Cada um desses personagens colabora a sua
maneira, assim como os outros, para a sentença surpreendente do
filme: a filosofia trágica de Cláudio Assis é trágica
mesmo. Seu eterno retorno do mesmo não é convite à
celebração da vida, é afirmação de
sina. O homem é mesmo este animal degenerado que vaga sobre a terra
e com uma marca de sangue que lhe interdita para a felicidade, justamente
o desejo. O homem é mal, é o modelo que serviu de inspiração
para o projetista que inventou o capeta. Como dissemos acima, não
se pode olhar para o sofredor com piedade, ele tem direito a ser culpado,
a fazer o mal tanto quando os observadores cínicos da classe alta.
Por isso mesmo, não é na excitação
do desejo que o filme desfila sua moral. É na conversão
dele em instância grotesca. Diante do homem e da mulher nus, babando
de desejo, o filme não vê humanização possível.

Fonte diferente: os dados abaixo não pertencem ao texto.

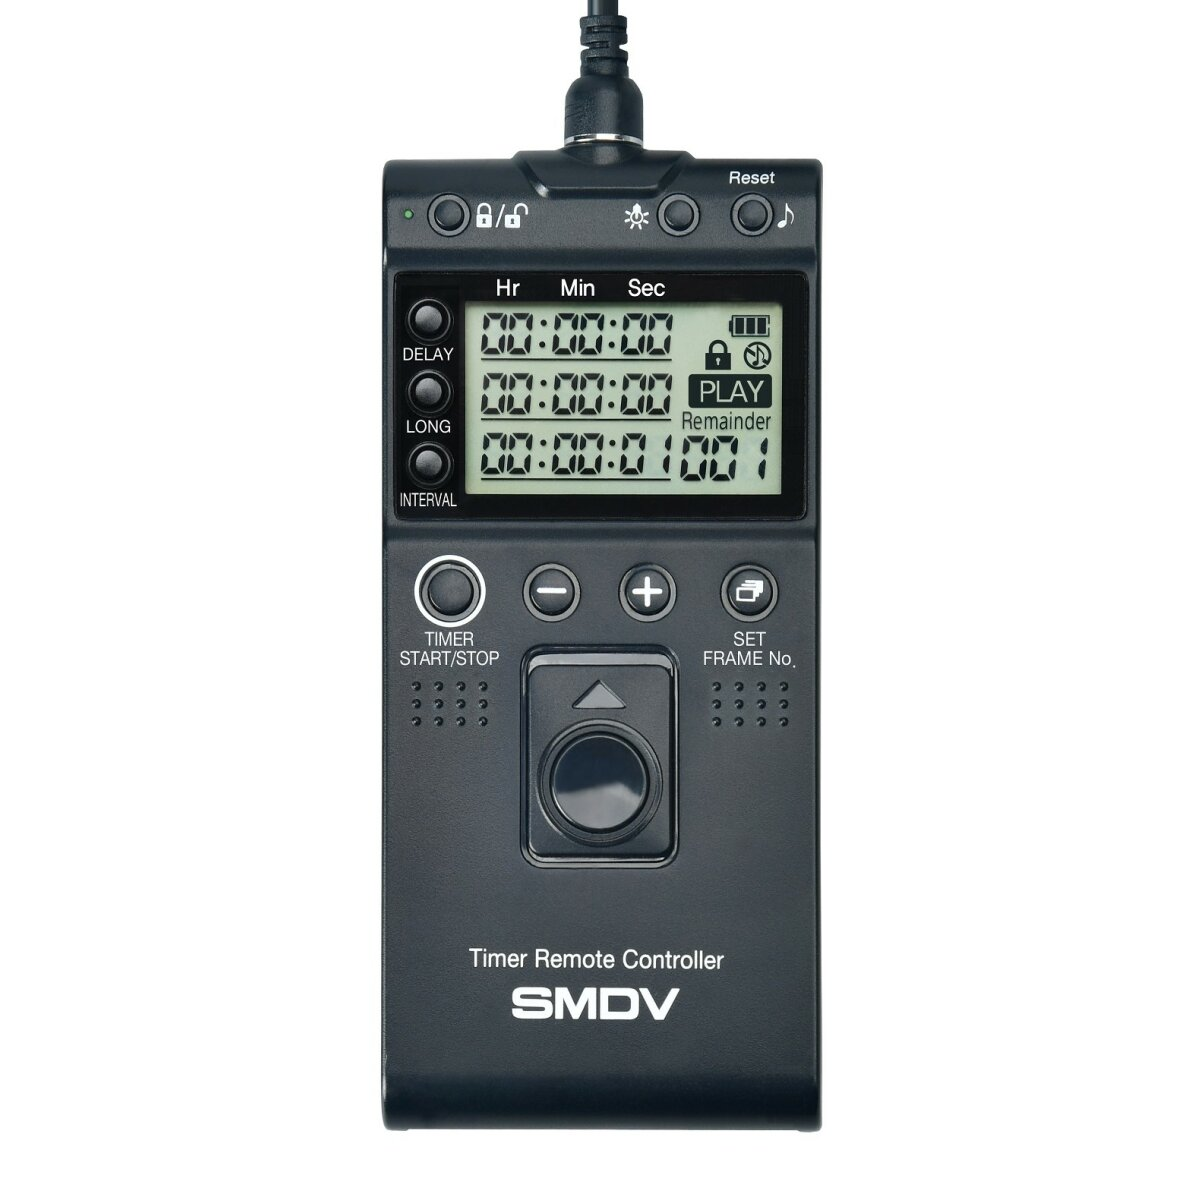 Impulsfoto SMDV Timer Fernauslöser, Kompatibel mit Sony Kameras, Kabelauslöser mit Timer- und Intervallfunktion Langzeitbelichtung - Ersatz für RM-VPR1 - T813

Ou melhor, vê que o humano não tem pureza, não tem
limpeza possível. Não há linguagem, há apenas
grunhido, não há amor, apenas sexo, não há
vida, apenas ciclo.
Igualmente, a visualidade do filme, que aparentemente
é construída pela cor, mas é na verdade intensificada
pelo movimento – a câmera está sempre em busca de seus objetos
ou os está perseguindo, como um diabrete matreiro –, manifesta
um corte que só faz reforçar a temporalidade circular da
história. Circular não apenas pela repetição
da fala da garçonete, conexão mais explícita com
o eterno retorno, mas, sobretudo, pela demonstração de que
todas as mudanças que marcam a história, e são muitas,
nada mudam no estatuto desgraçado do homem.